Carodista citrostrota

Scientific classification
- Kingdom: Animalia
- Phylum: Arthropoda
- Class: Insecta
- Order: Lepidoptera
- Family: Lecithoceridae
- Genus: Carodista
- Species: C. citrostrota
- Binomial name: Carodista citrostrota (Meyrick, 1911)
- Synonyms: Brachmia citrostrota Meyrick, 1911;

= Carodista citrostrota =

- Authority: (Meyrick, 1911)
- Synonyms: Brachmia citrostrota Meyrick, 1911

Species of moth

Carodista citrostrota is a moth in the family Lecithoceridae. It was described by Edward Meyrick in 1911. It is found in Assam, India.
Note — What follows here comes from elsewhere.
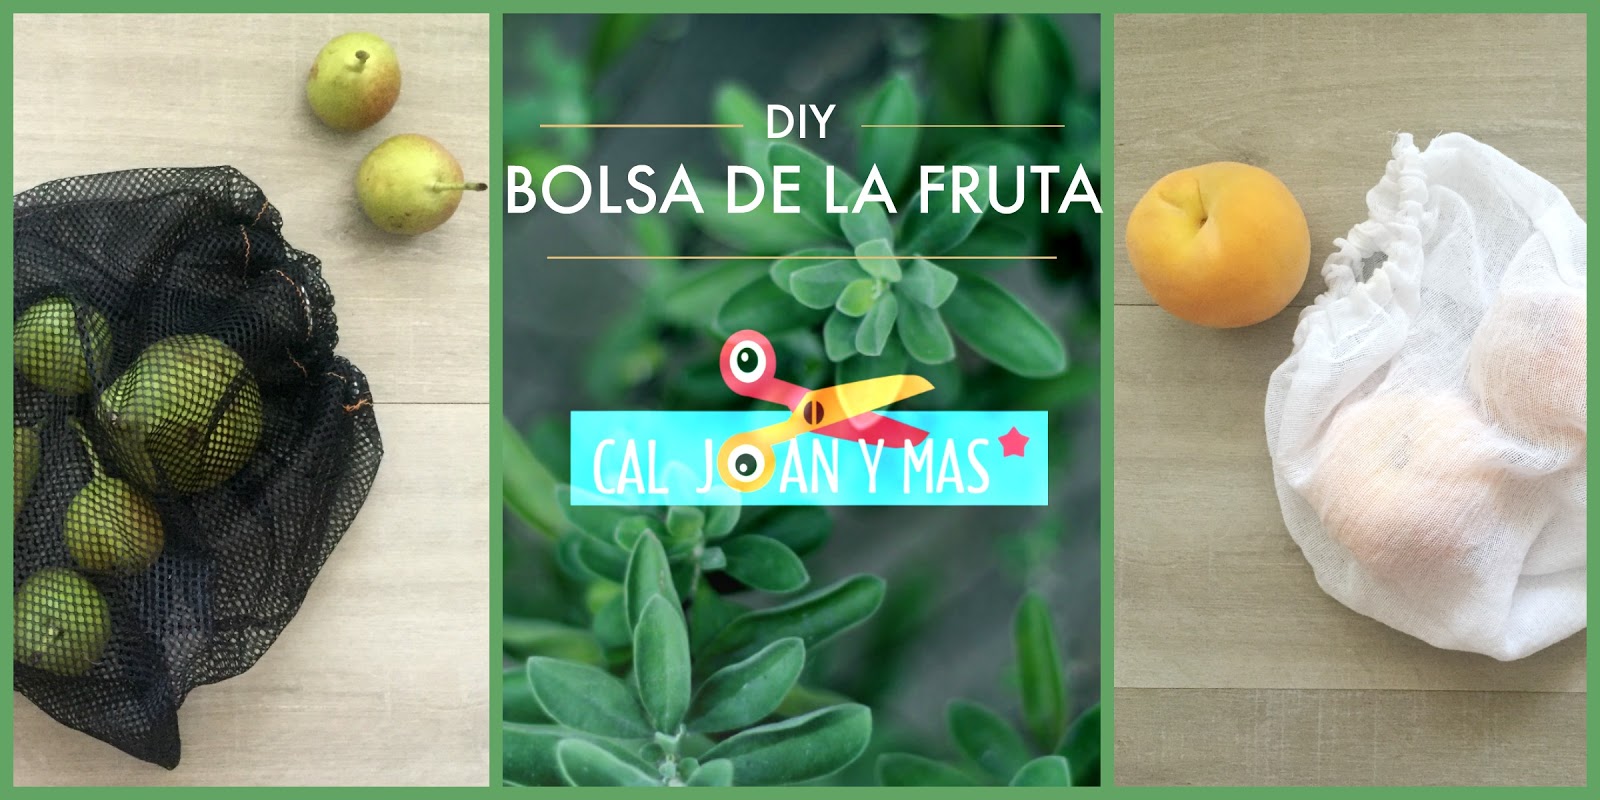 Cal Joan y más: BOLSAS LA FRUTA DE TELA (DIY)
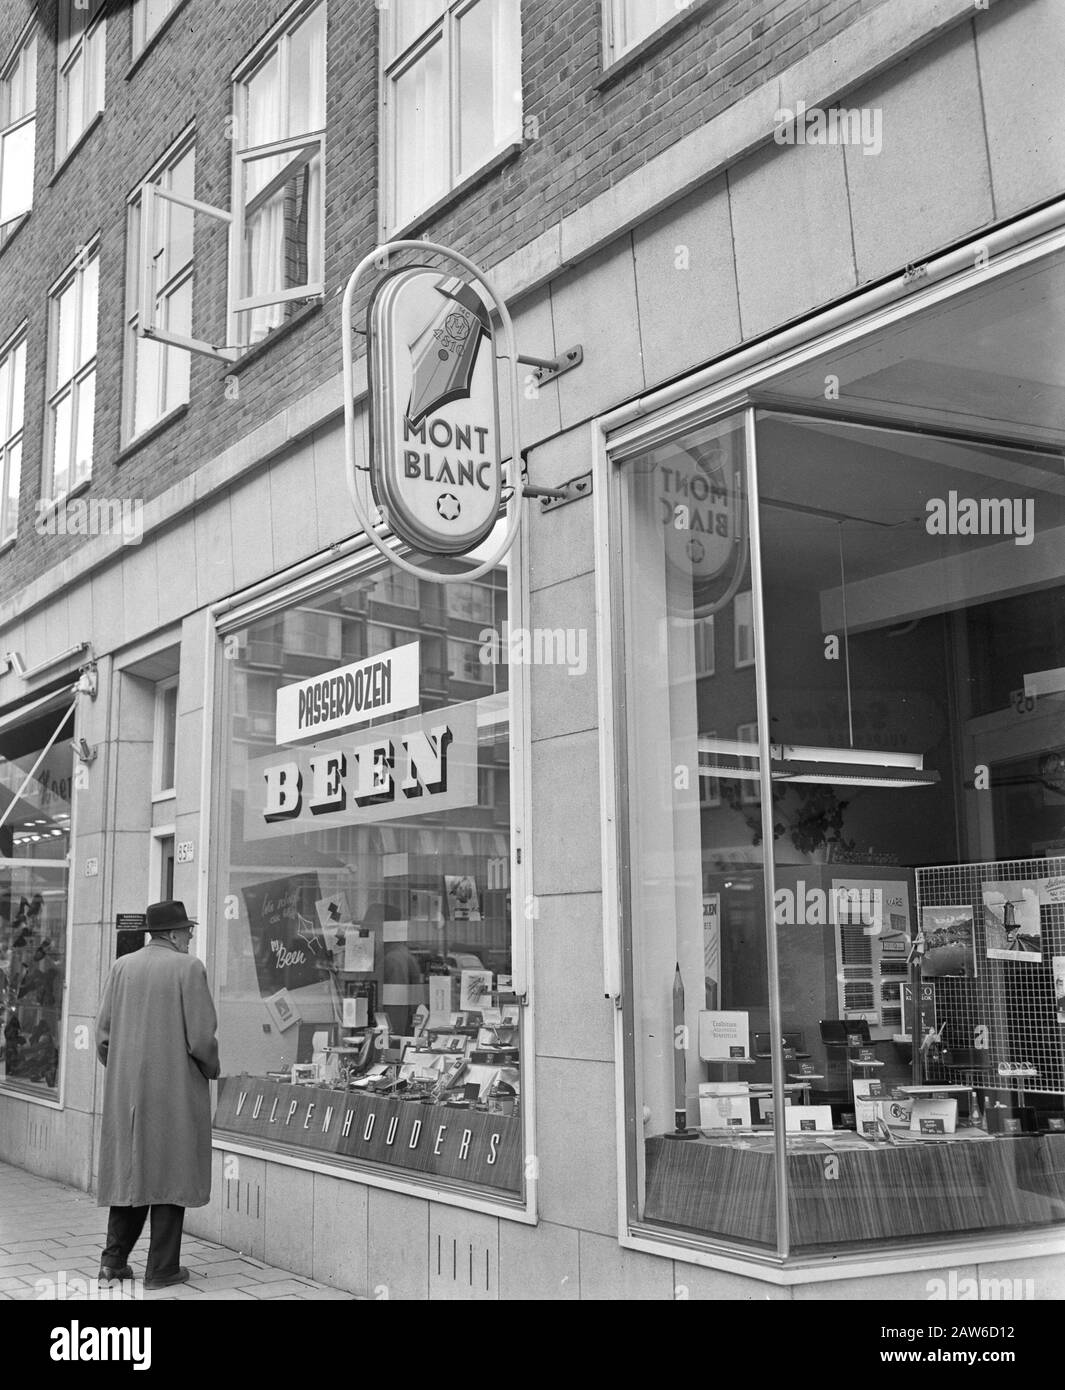 Mission Blazer & Metz-Montblanc Werbung Amsterdam Datum: 24. April 1956 Standort: Amsterdam, Noord-Holland Schlagwörter: Werbung, Aufträge Stockfoto

The wingspan is 15–17 mm. The forewings are rather dark fuscous mixed with blackish, faintly purplish tinged and with undefined longitudinal streaks of ochreous-yellowish suffusion or irroration (sprinkles) above and below the middle, confluent posteriorly into a moderately broad irregular subterminal transverse fascia. There are five small pale yellowish spots on the posterior half of the costa and the stigmata are represented by round spots of blackish suffusion, the plical rather obliquely beyond the first discal. The hindwings are rather dark grey.